My research studies how the design of digital environments (the goals platforms set, the information they surface, and the frictions they impose) shapes user engagement and the value users realize.
Keyan Zhu, K. Sudhir, and Kosuke Uetake. "When Engagement Isn't Value: Post-Adoption Design for Customer Effort Goods"
Job Market Paper
Abstract: In customer effort goods—online education, fitness, enterprise software—customers realize value not at purchase but only through their own costly effort afterward, and the firm cannot readily observe whether that effort produced value. Firms therefore manage these products with engagement metrics as a proxy for value, but the engagement-maximizing design need not be value-maximizing. This paper develops a structural framework for value-centric post-adoption design. The model has two layers: (i) a motivation layer, in which the firm's lever shapes the customer's costly, forward-looking effort; and (ii) a value layer, in which that effort accumulates into the outcome the customer is after. The key tension is that the unit that motivates effort need not be the unit that produces value. We apply the framework to an online learning platform, where teachers partition content into goals and students' completed work builds the knowledge that determines test performance: goals motivate, but lessons teach, so smaller goals raise engagement while fragmenting the coherence that produces learning. Given the complexity of estimation, we adapt adversarial inverse reinforcement learning to recover the model's primitives, anchoring them to a measured value outcome, and identify two latent segments—high-grit and low-grit—that differ in their cost of effort. Neither uniform design maximizes learning across both segments and all content: lesson-aligned goals help high-grit students, while sub-lesson goals are better for low-grit students, especially on longer and more difficult modules. The value-maximizing design thus varies with the student and the content in ways the model makes precise and in ways a firm can act on.
Keyan Zhu and Vineet Kumar. "Unveiling the Impact of Within-Content Engagement Information: Evidence from YouTube's Engagement Graphs"

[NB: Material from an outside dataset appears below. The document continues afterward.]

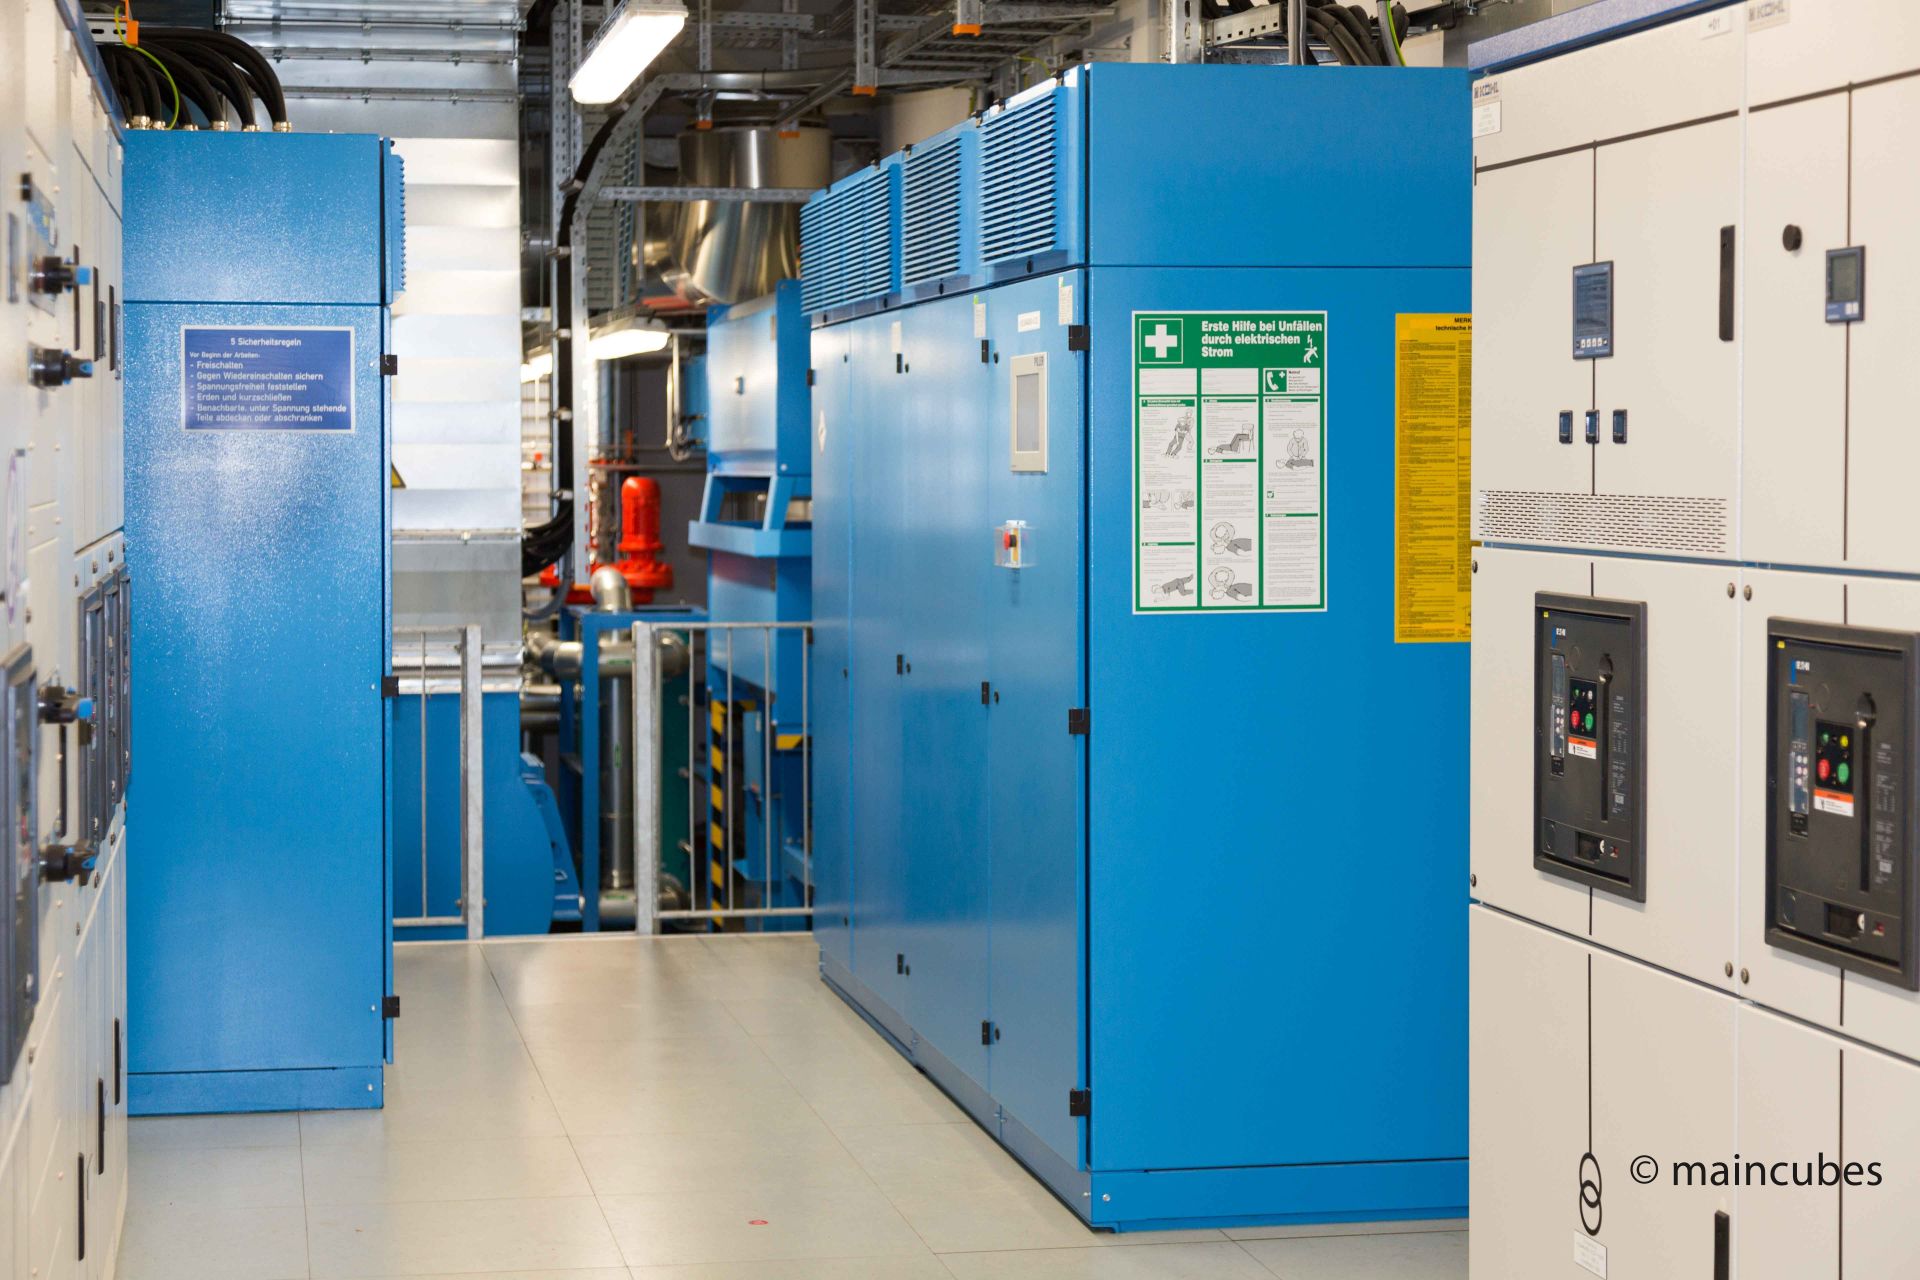 Generator-Raum des maincubes FRA-01, im Hintergrund der Dieselgenerator in blau für Stromausfälle. Links und rechts Schaltschränke

Revise & Resubmit at Marketing Science
Abstract: Digital platforms strategically choose what information to provide to their users. Using a uniquely constructed dataset of over 121,000 YouTube videos collected in 2023, we examine the causal impact of engagement graphs—a novel form of within-content engagement information that displays moment-by-moment prior user engagement levels throughout a video. Our identification strategy exploits YouTube's batch processing approach to engagement graph activation: we reverse-engineer the platform's criteria, revealing that activation depends on a common view threshold and an eligibility date determined solely by upload timing, with batch processing creating quasi-random variation in treatment timing across otherwise similar videos. We leverage this variation to implement a difference-in-differences strategy with matched samples. Our analysis finds that engagement graphs increase content viewing, liking, and commenting in post-treatment periods, while leaving comment sentiment and depth unchanged. To deepen our understanding of these effects, we use large language models to construct transcript-based measures of each video's informational content and narrative structure, and characterize how the treatment effect varies along these dimensions. The graph's impact is higher among videos whose value is harder for viewers to assess as they watch, for example, videos that deliver their payoffs later in the runtime, whereas narrative structure plays no moderating role. On the supply side, exploiting the feature's platform-wide rollout, we find no evidence that creators adjust their content production volume or characteristics. Our findings speak to platform design, content discovery, and the broader question of how making collective attention visible shapes consumption in digital markets.
* Top GIF by lunarpapacy on Giphy
Keyan Zhu and Daniel Huang (industry collaborator). "Drawing to Match: Costly Signaling of Preferences in Online Dating" [Draft]
Abstract: When expressing interest is costless, claims of special interest are cheap talk: senders who genuinely value a particular partner cannot distinguish themselves from those making opportunistic attempts. This problem is pervasive in matching markets, where participants hold private information about match-specific preferences that potential partners would value but cannot verify.
This paper examines whether costly signaling can resolve this problem. We study a novel U.S.-based online dating platform where users must create personalized drawings—rather than simply swiping—to initiate match requests. We develop a conceptual model in which senders choose drawing effort as a costly signal of match-specific valuation, then construct a computer vision-based measure of the effort signal and apply it to over 577,000 match requests. We document three findings. First, senders vary effort strategically: effort signals vary primarily within rather than between senders, increasing with receiver desirability, geographic proximity, and age similarity, consistent with effort reflecting match-specific valuation rather than fixed sender characteristics. Second, receivers respond to effort signals: within a receiver, higher-effort requests are significantly more likely to be accepted, and this relationship holds beyond what observable sender and receiver characteristics as well as match-specific characteristics can explain. Third, conditional on match, effort signals predict downstream outcomes: within a sender, higher-effort matches are more likely to result in post-match conversation, consistent with effort reflecting genuine interest rather than mere attempts to secure a match.
Together, these findings provide evidence that costly signaling through drawings enables senders to credibly transmit information regarding their match-specific preferences in this market. Our results have important implications for platform design: reducing the cost of expressing interest lowers friction but may destroy a valuable information channel.